GIVEN RECORDS below:

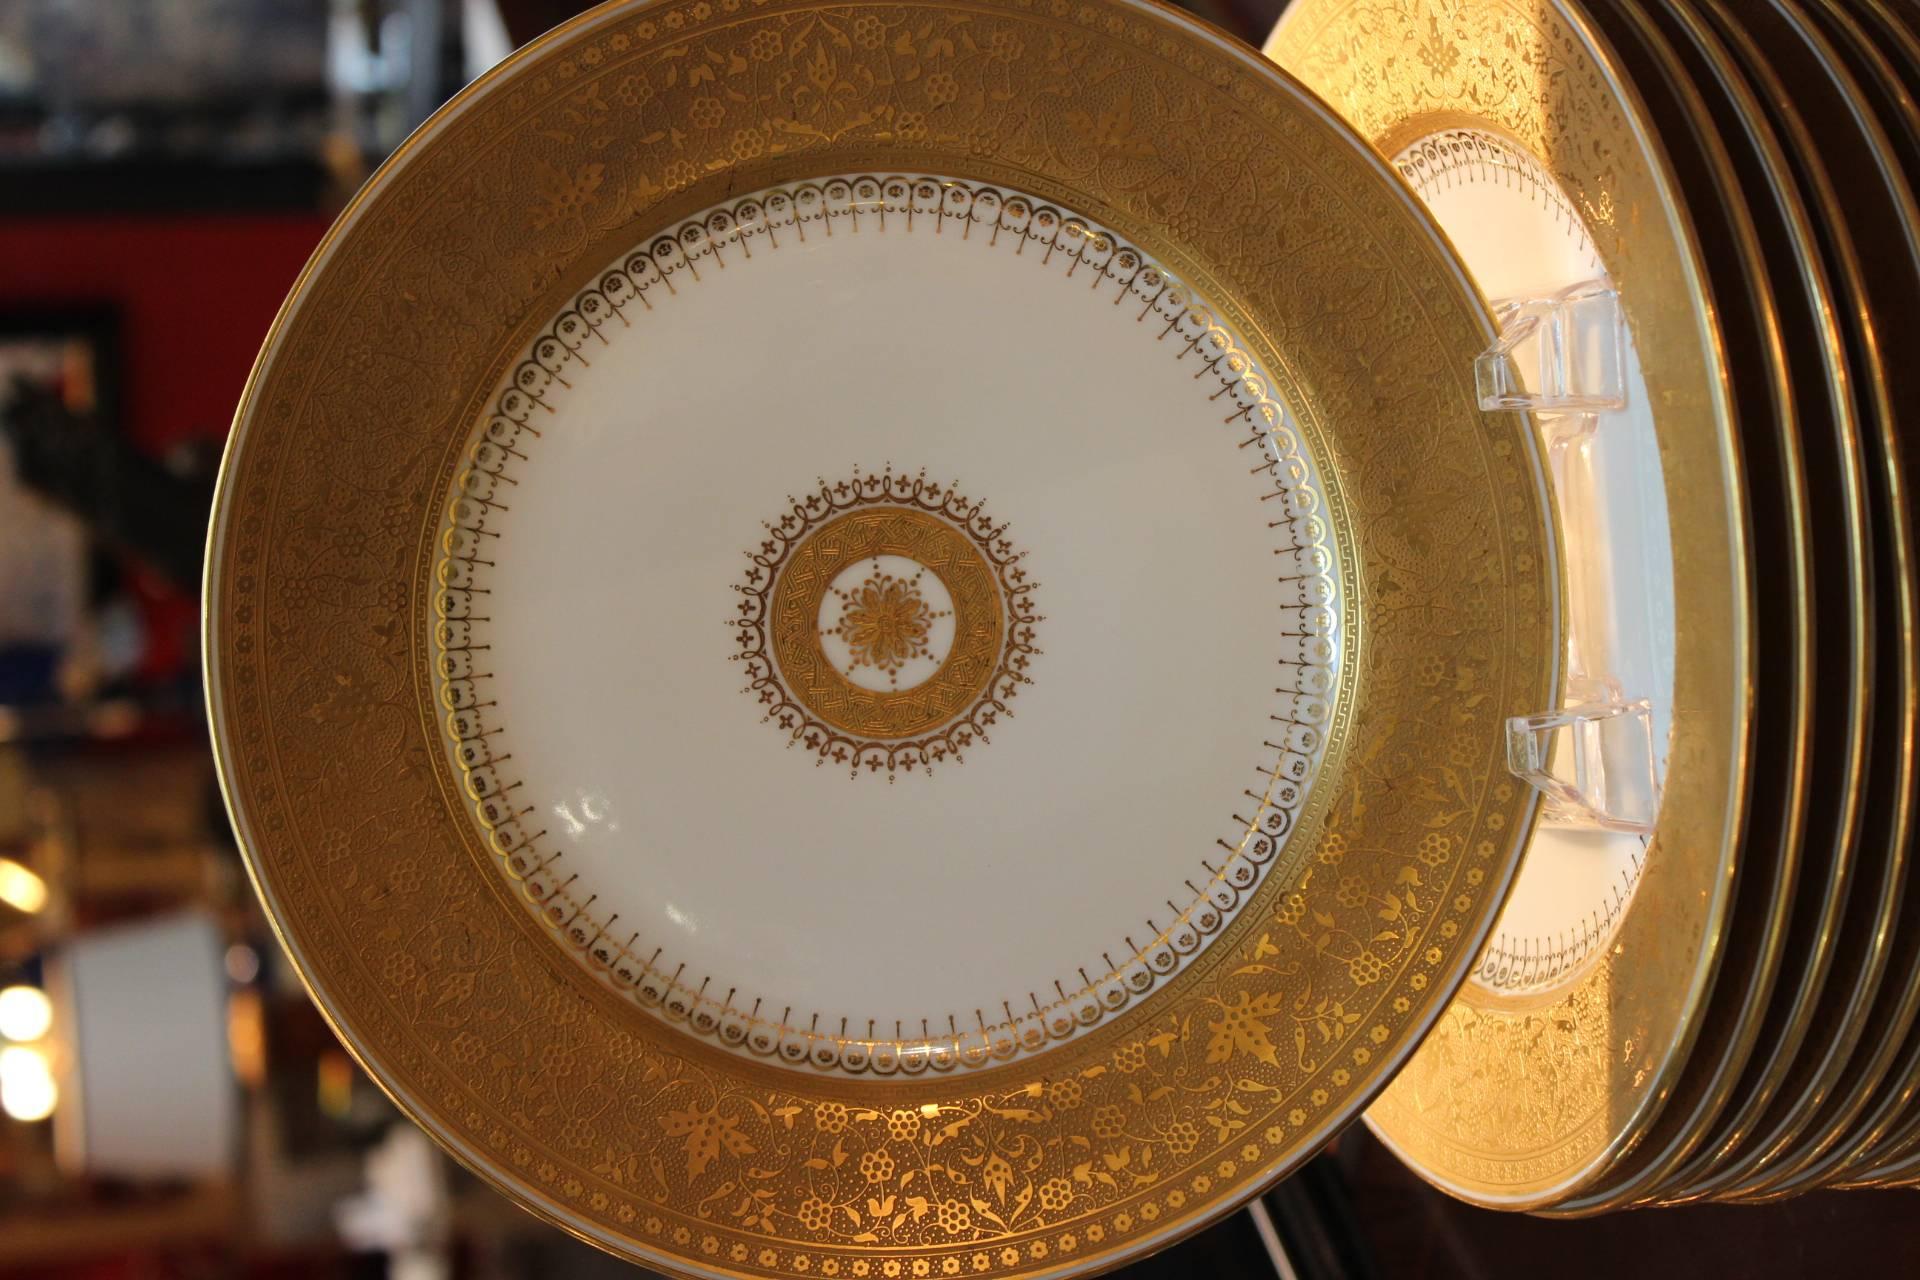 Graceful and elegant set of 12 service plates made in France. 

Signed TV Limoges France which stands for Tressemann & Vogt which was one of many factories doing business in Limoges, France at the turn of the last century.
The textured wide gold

End of GIVEN RECORDS.
GIVEN RECORDS below:

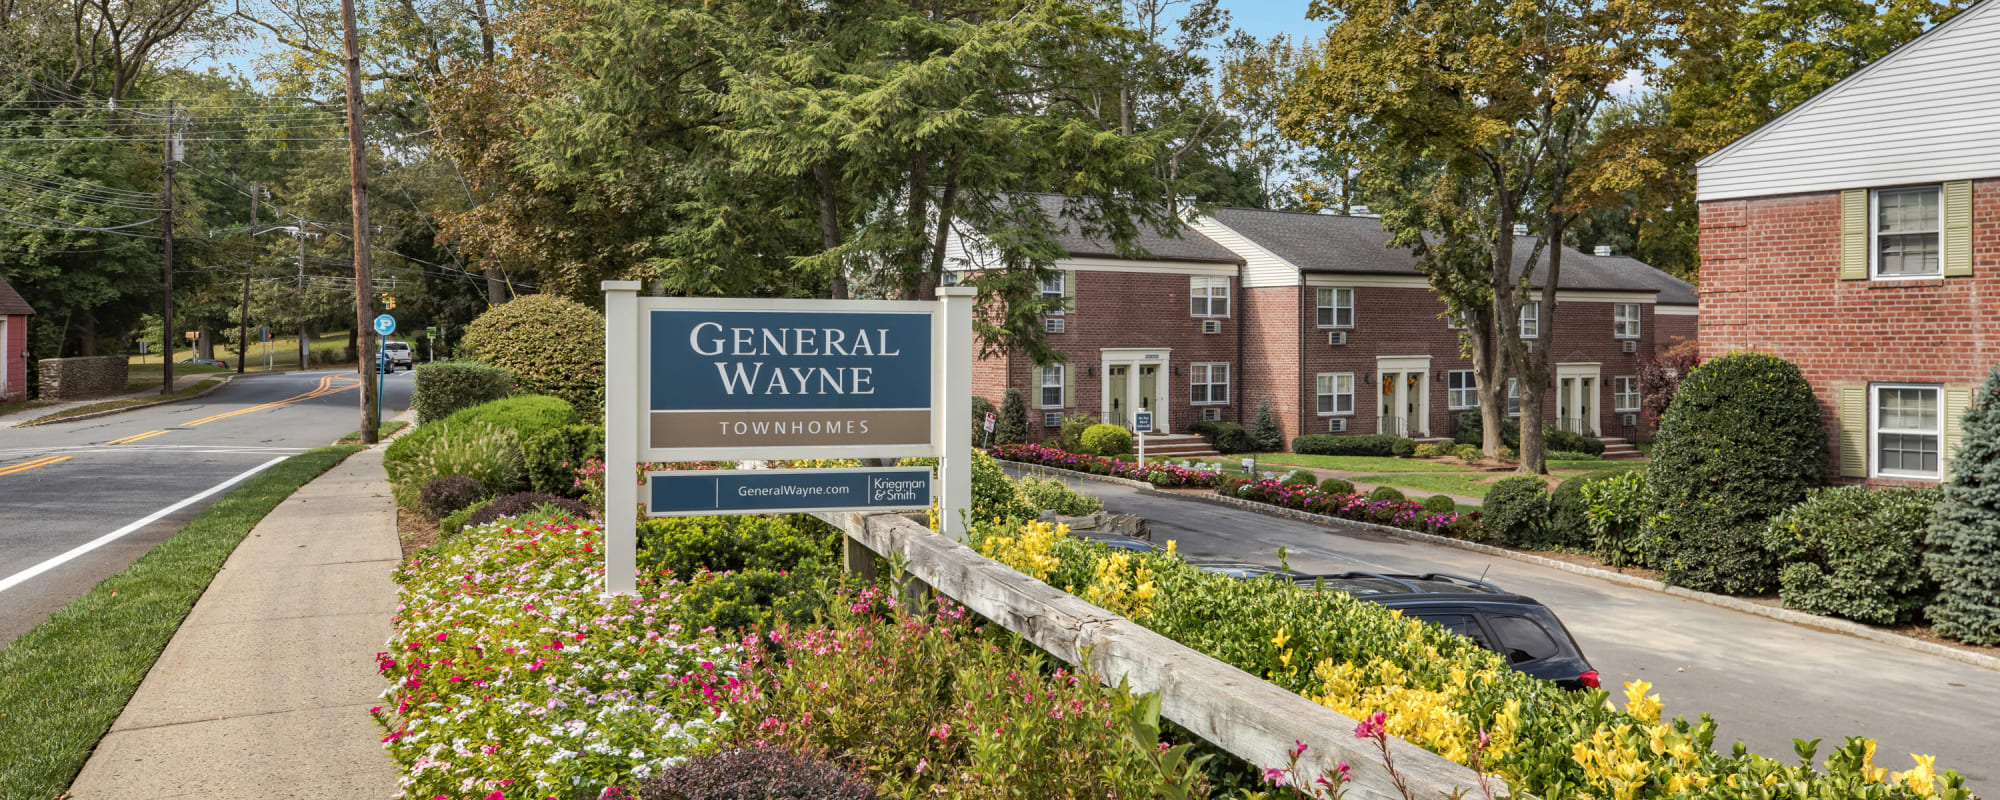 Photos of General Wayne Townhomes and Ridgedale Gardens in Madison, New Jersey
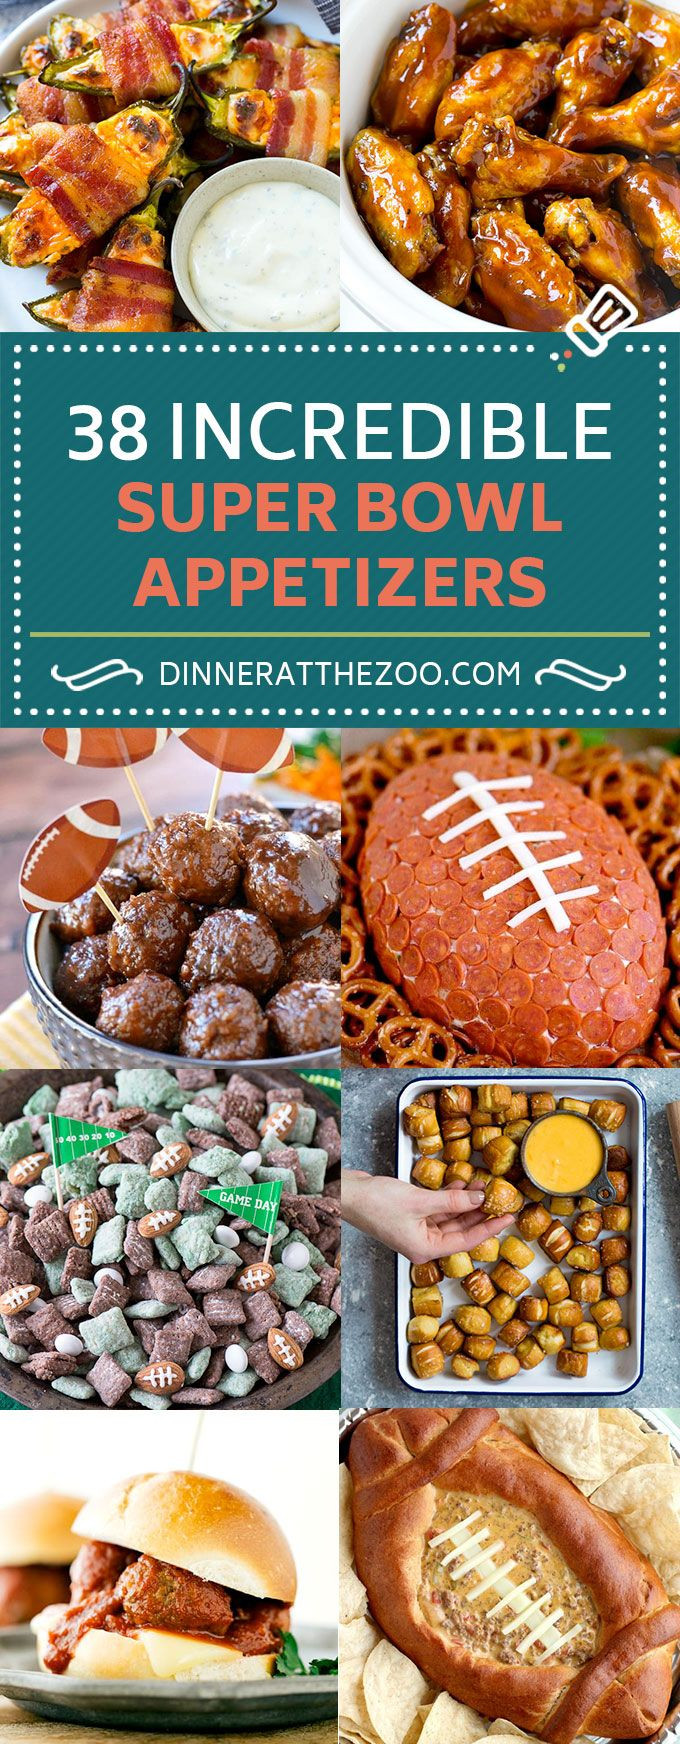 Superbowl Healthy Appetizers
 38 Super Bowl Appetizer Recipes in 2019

End of GIVEN RECORDS.
GIVEN RECORDS below:

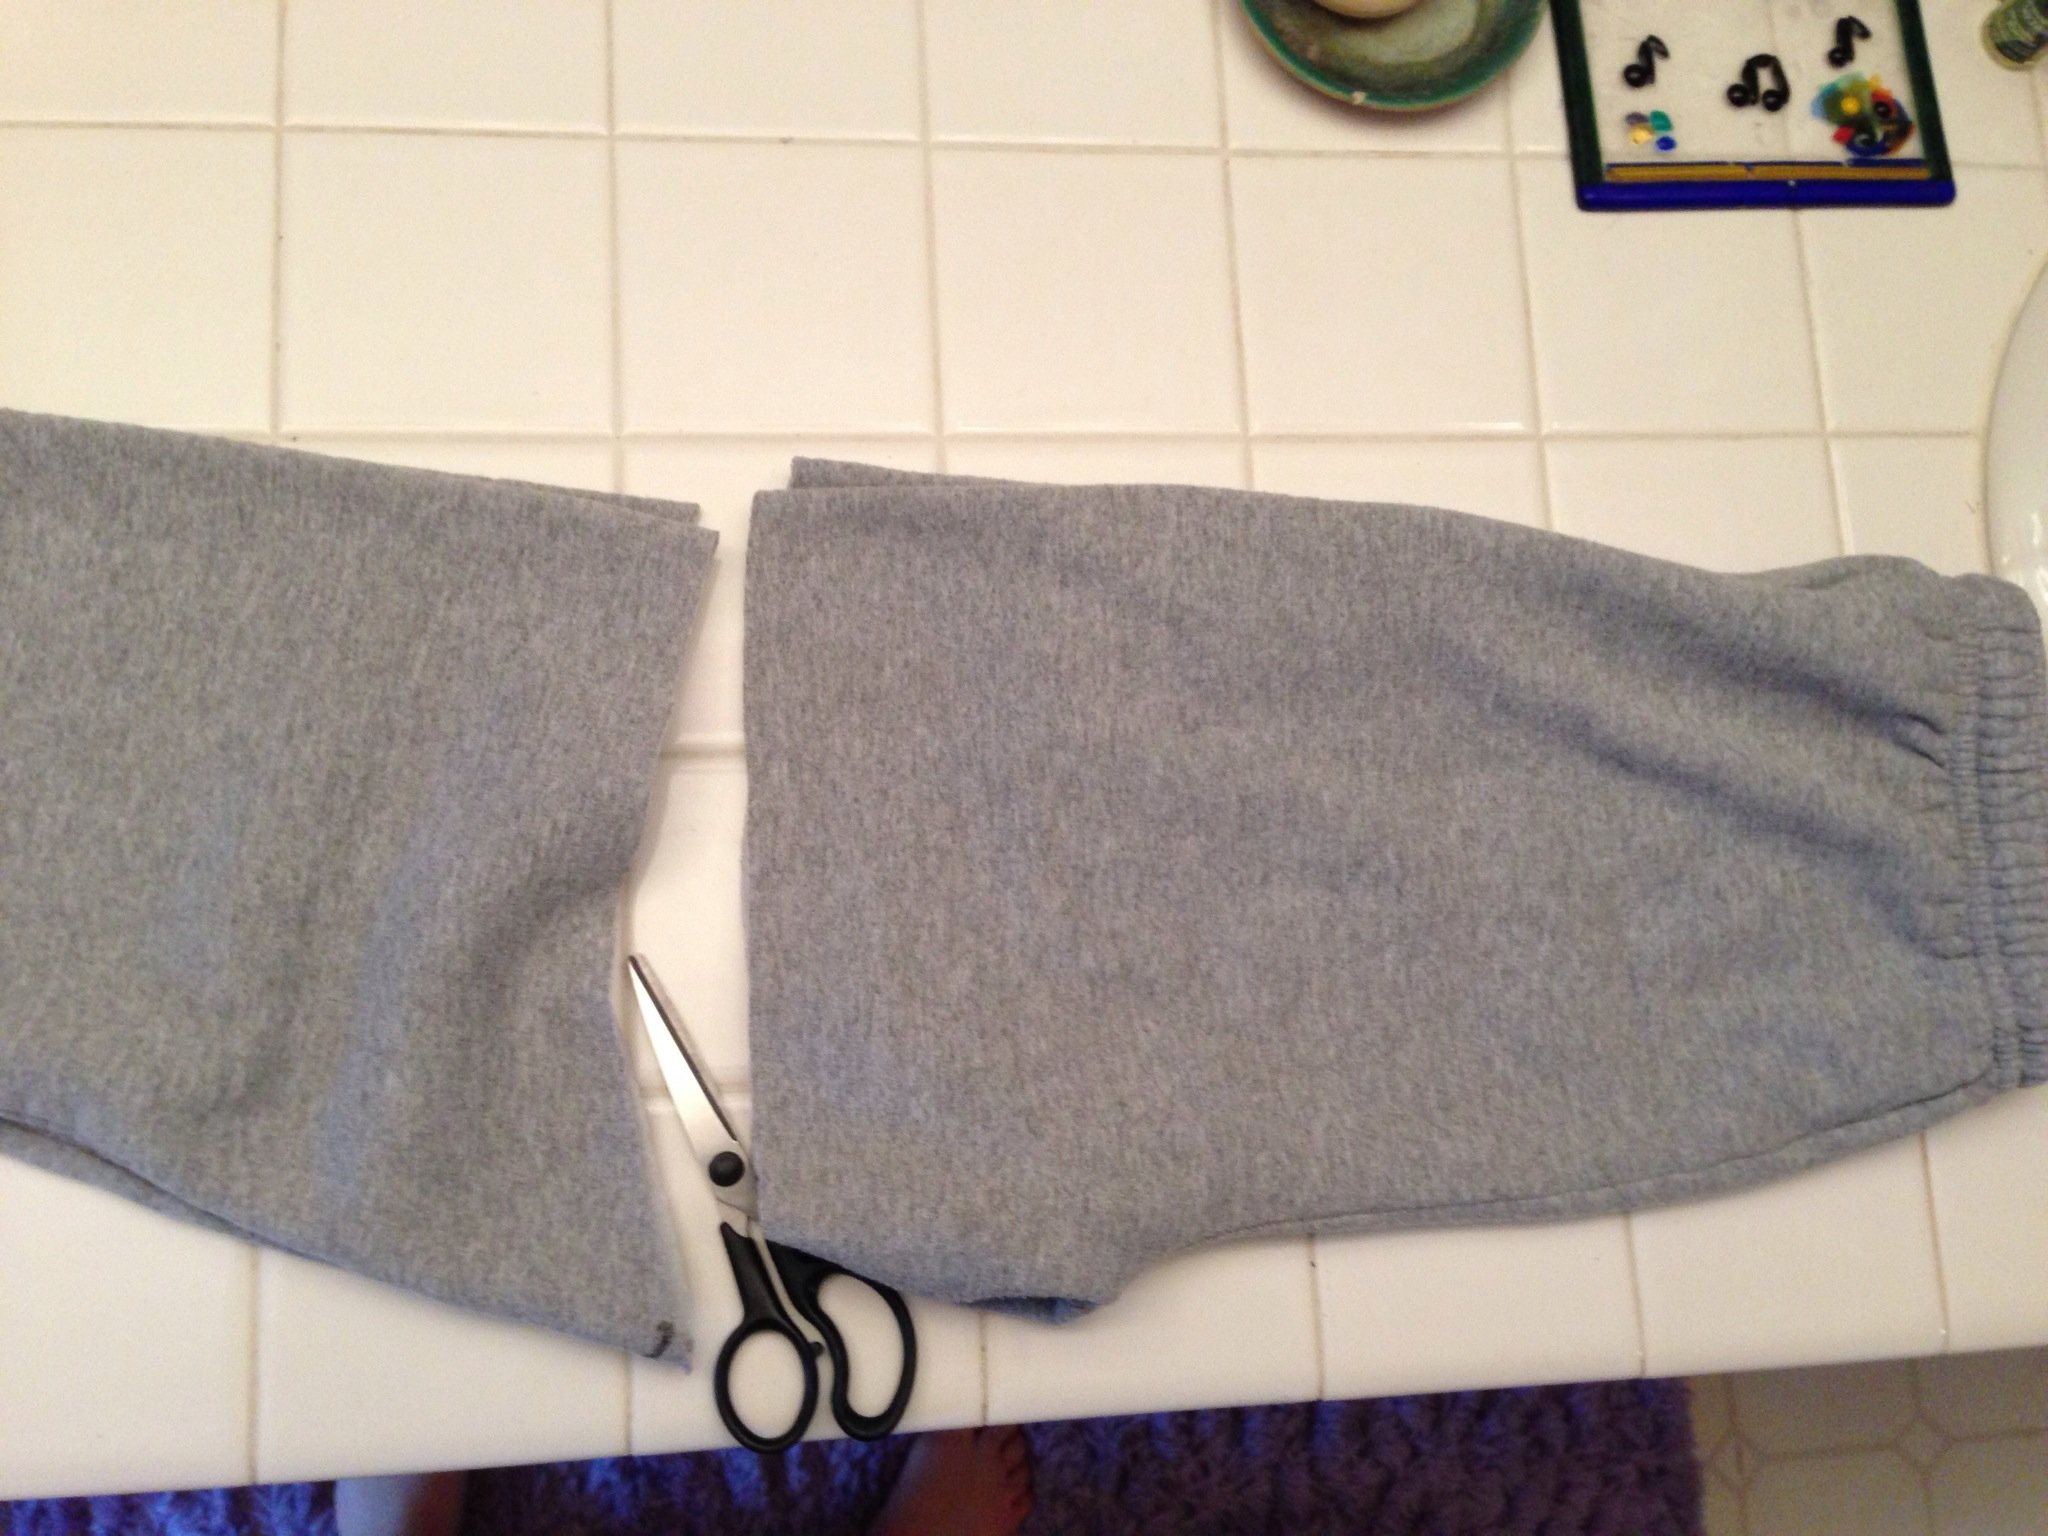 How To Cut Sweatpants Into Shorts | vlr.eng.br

End of GIVEN RECORDS.

▶ _EXERCISE_: Quote word for word only the lines above from the one containing "Photos of General" through the one containing "38 Super Bowl Appetizer Recipes in 2019". Pictures stay out of your copy.

▶ _EXERCISE RESULT_:
 Photos of General Wayne Townhomes and Ridgedale Gardens in Madison, New Jersey
 Superbowl Healthy Appetizers
 38 Super Bowl Appetizer Recipes in 2019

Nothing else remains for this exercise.